** Opening Stored data block **
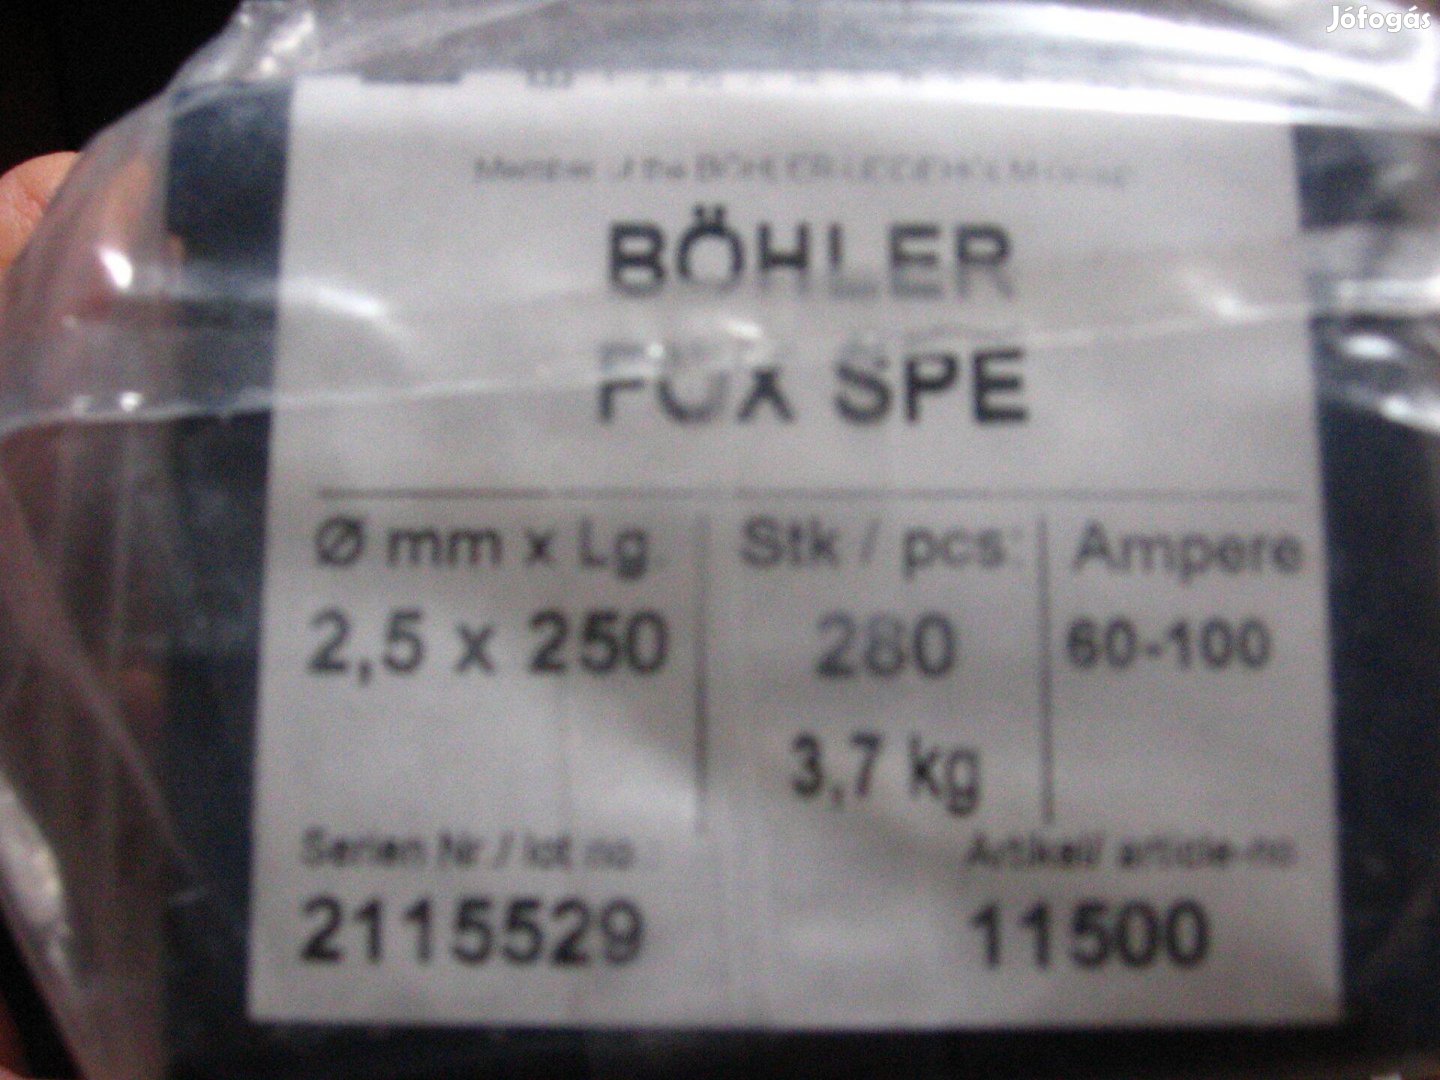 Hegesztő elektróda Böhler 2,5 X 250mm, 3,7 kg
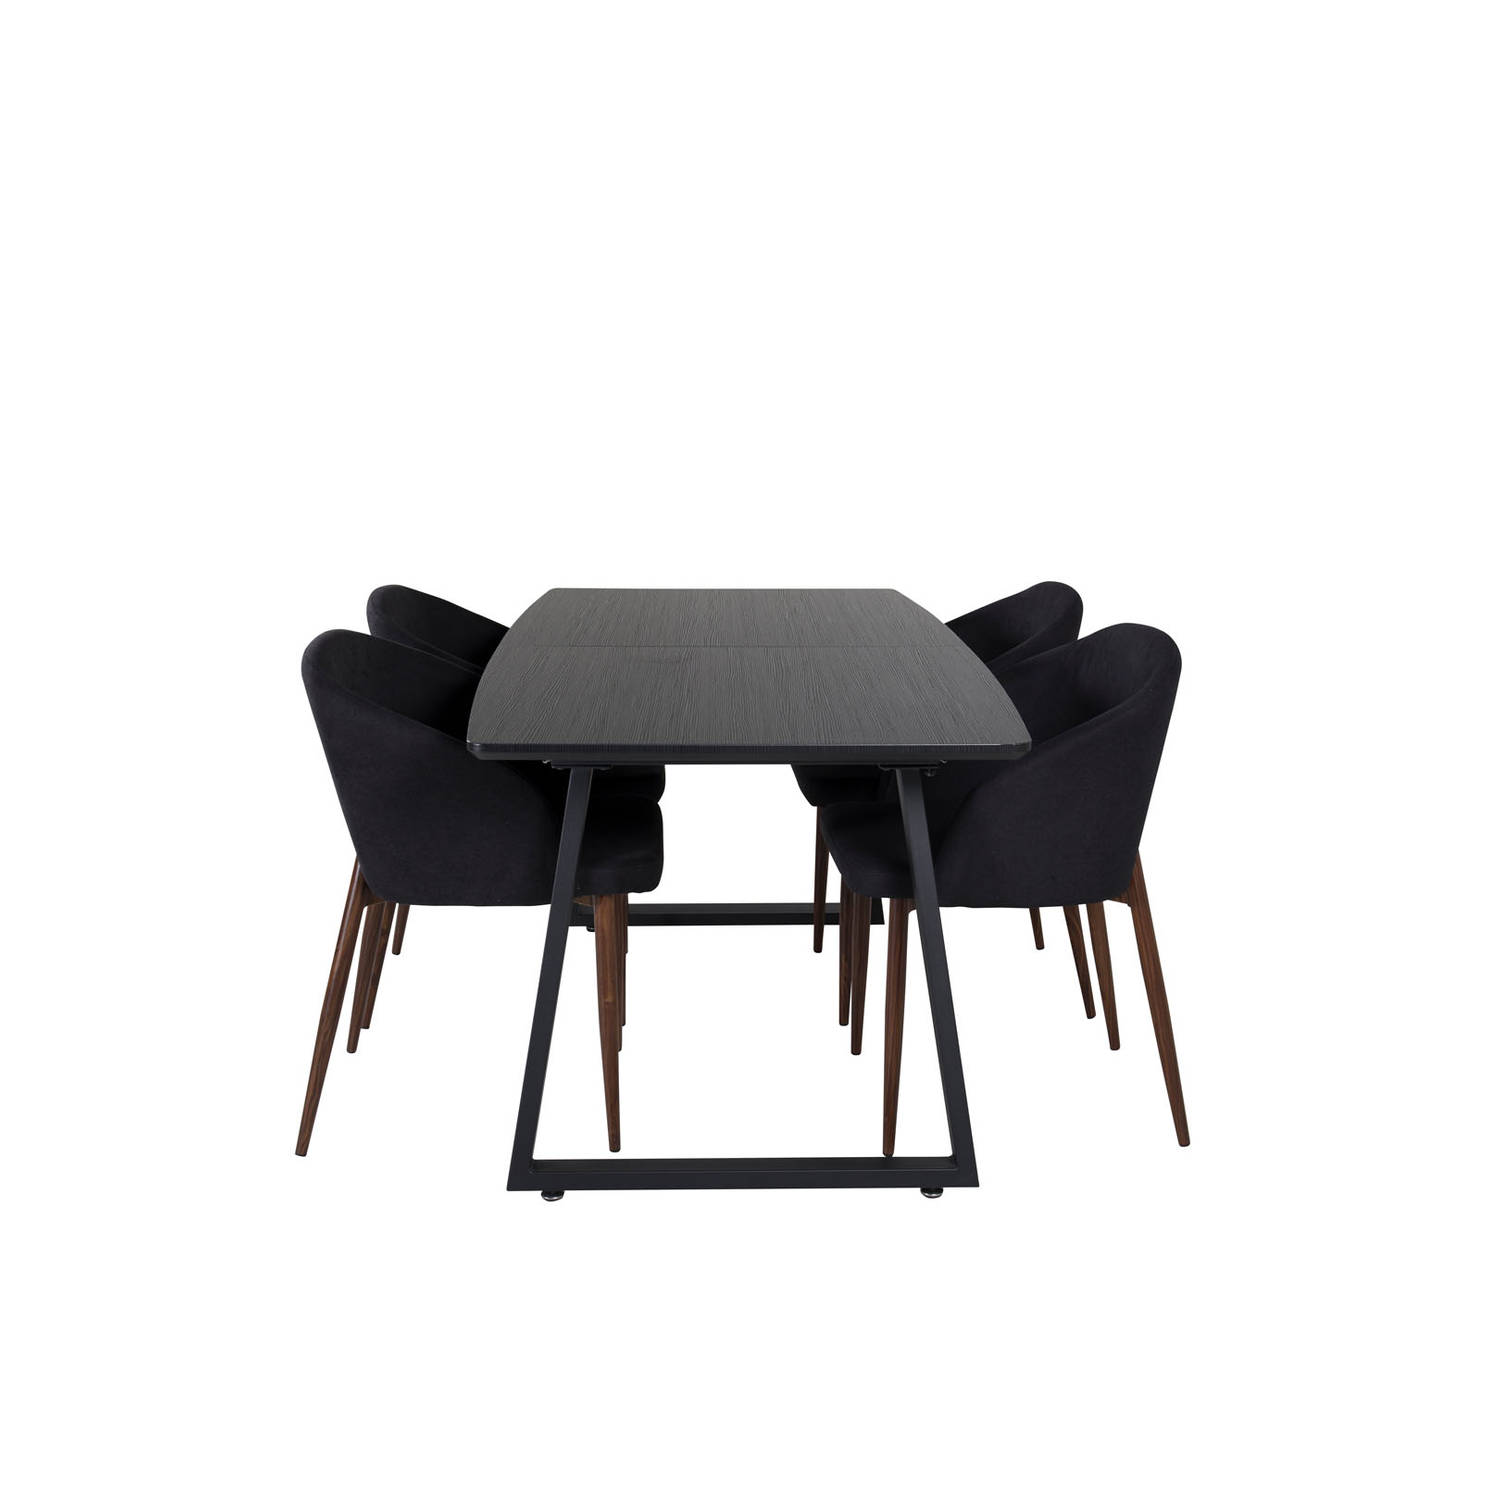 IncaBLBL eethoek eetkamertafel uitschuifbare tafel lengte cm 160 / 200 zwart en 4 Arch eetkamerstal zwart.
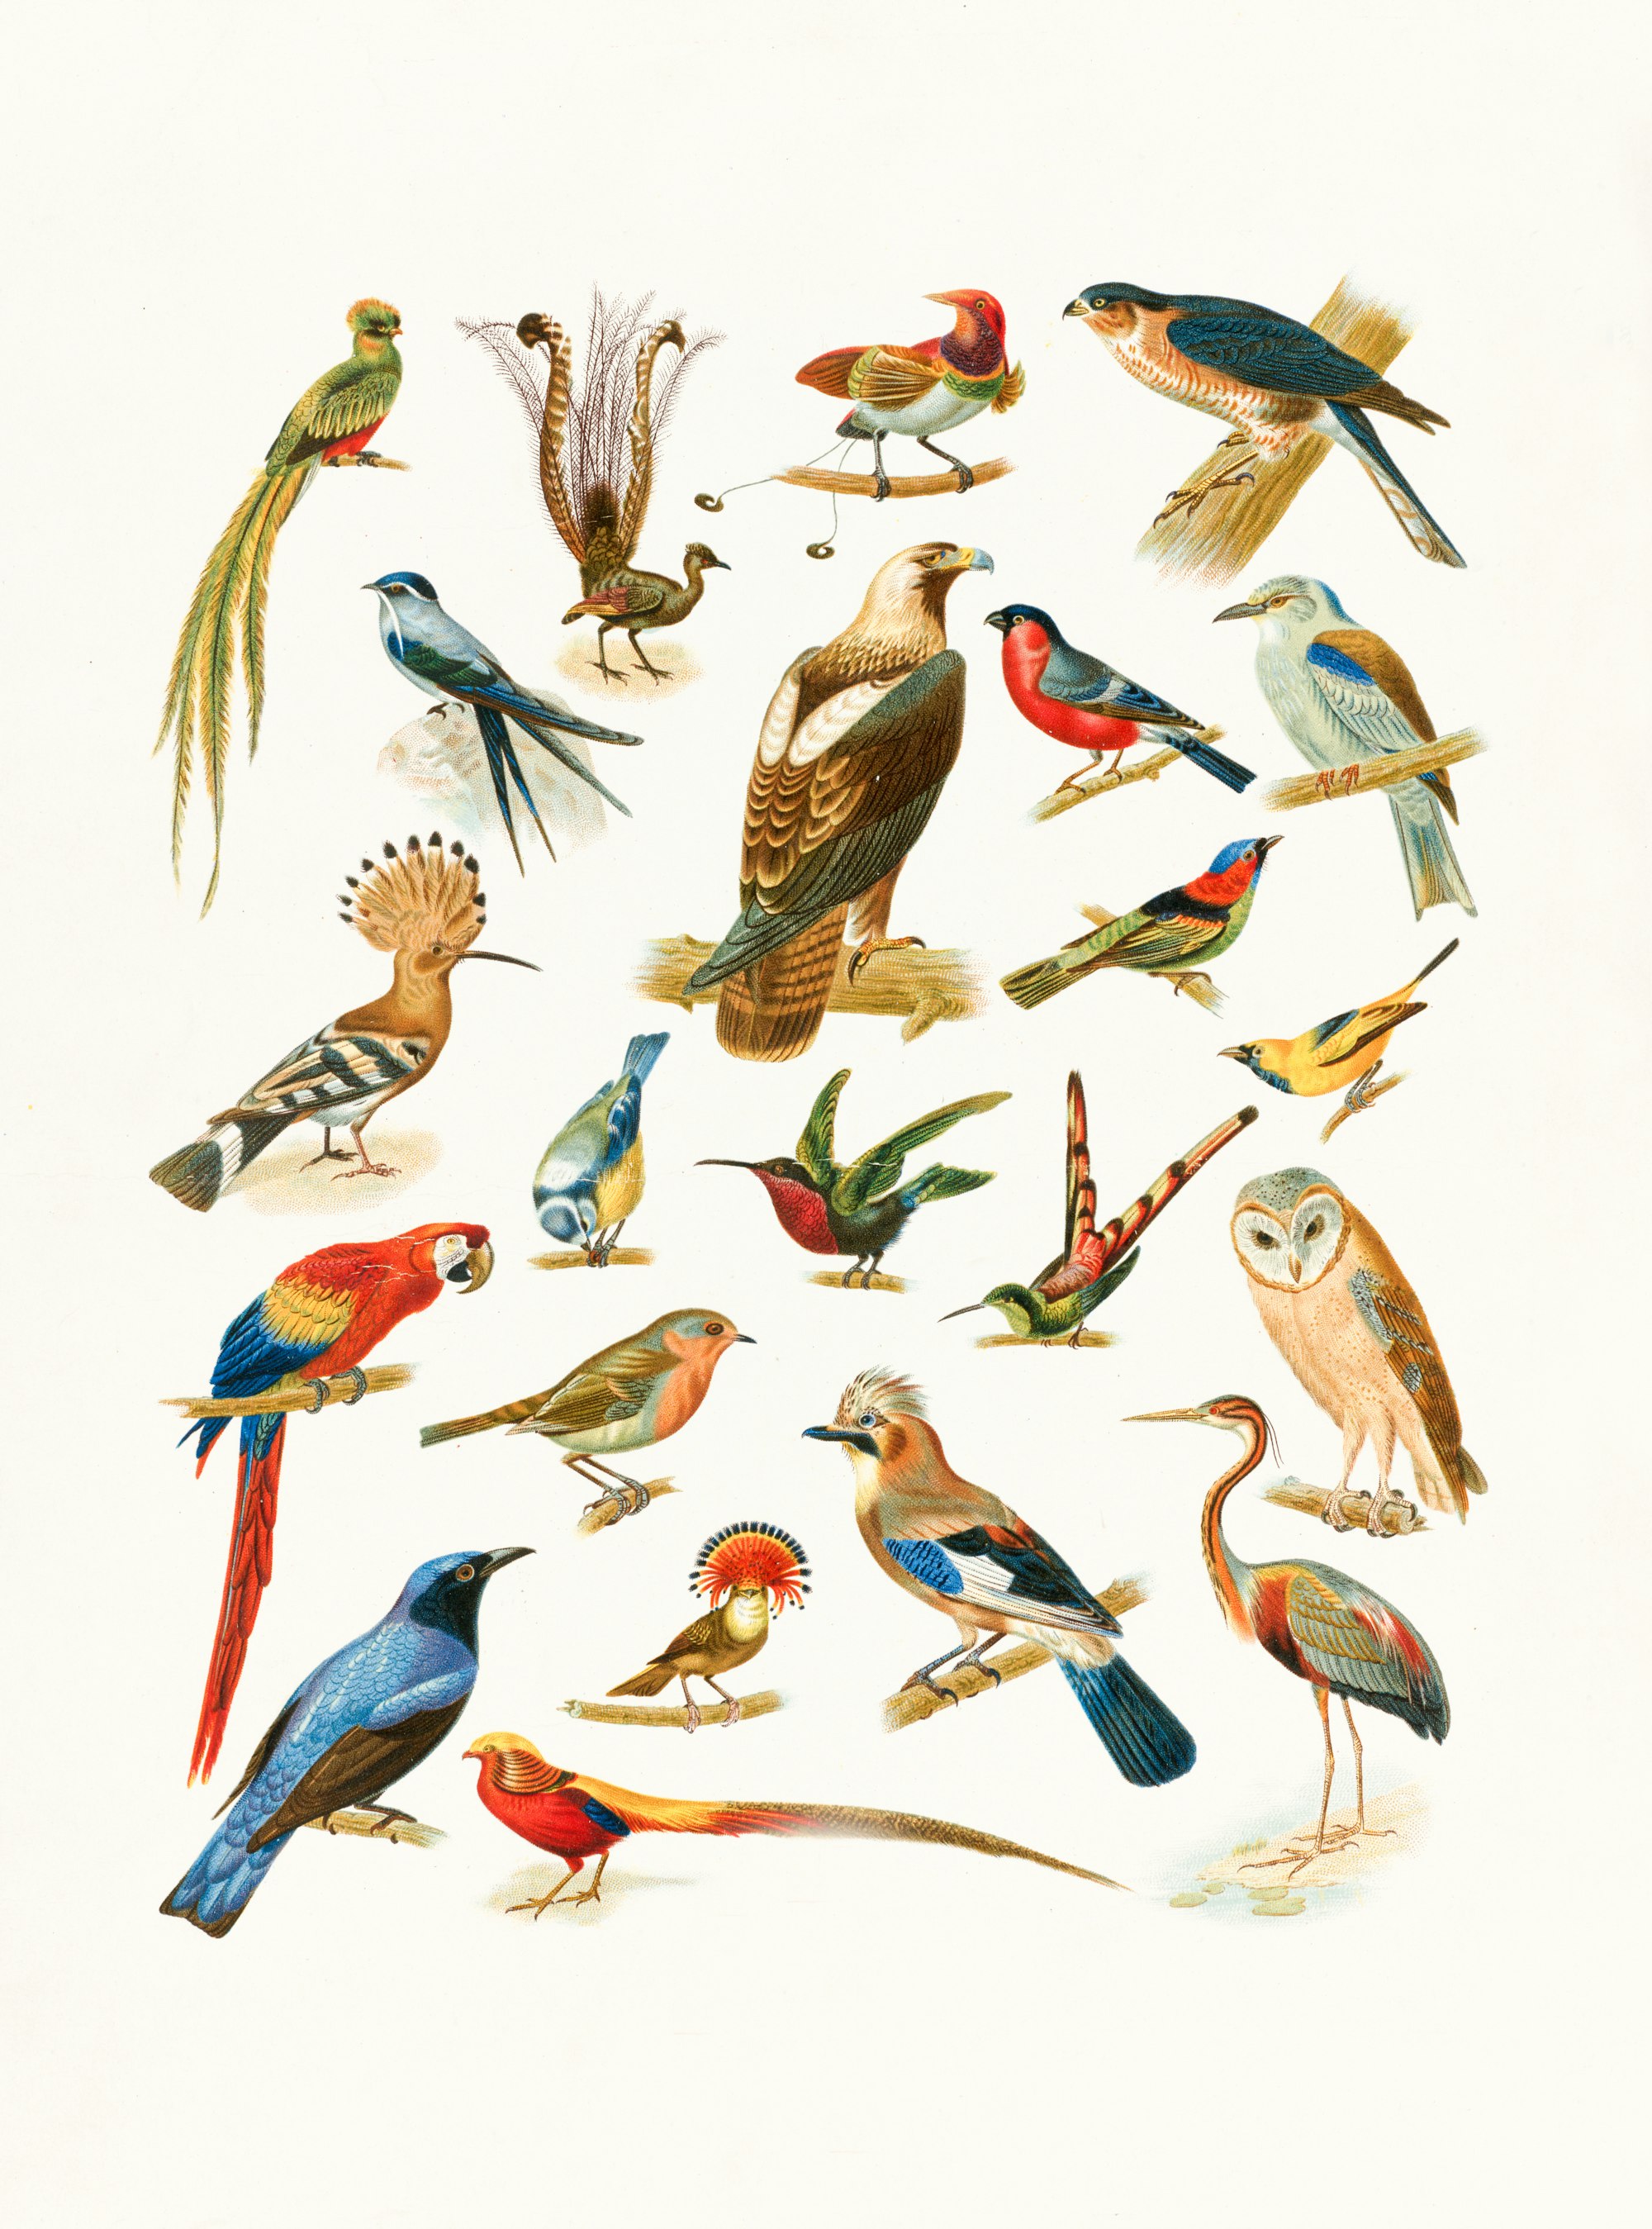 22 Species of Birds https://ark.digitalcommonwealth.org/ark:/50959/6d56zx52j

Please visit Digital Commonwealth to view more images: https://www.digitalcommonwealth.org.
** Closing Stored data block **
# [What the task asks]
Where a picture appears, skip it; repeat everything else in the data exactly.

# [Exercise output]
 Hegesztő elektróda Böhler 2,5 X 250mm, 3,7 kg
 IncaBLBL eethoek eetkamertafel uitschuifbare tafel lengte cm 160 / 200 zwart en 4 Arch eetkamerstal zwart.
 22 Species of Birds https://ark.digitalcommonwealth.org/ark:/50959/6d56zx52j

Please visit Digital Commonwealth to view more images: https://www.digitalcommonwealth.org.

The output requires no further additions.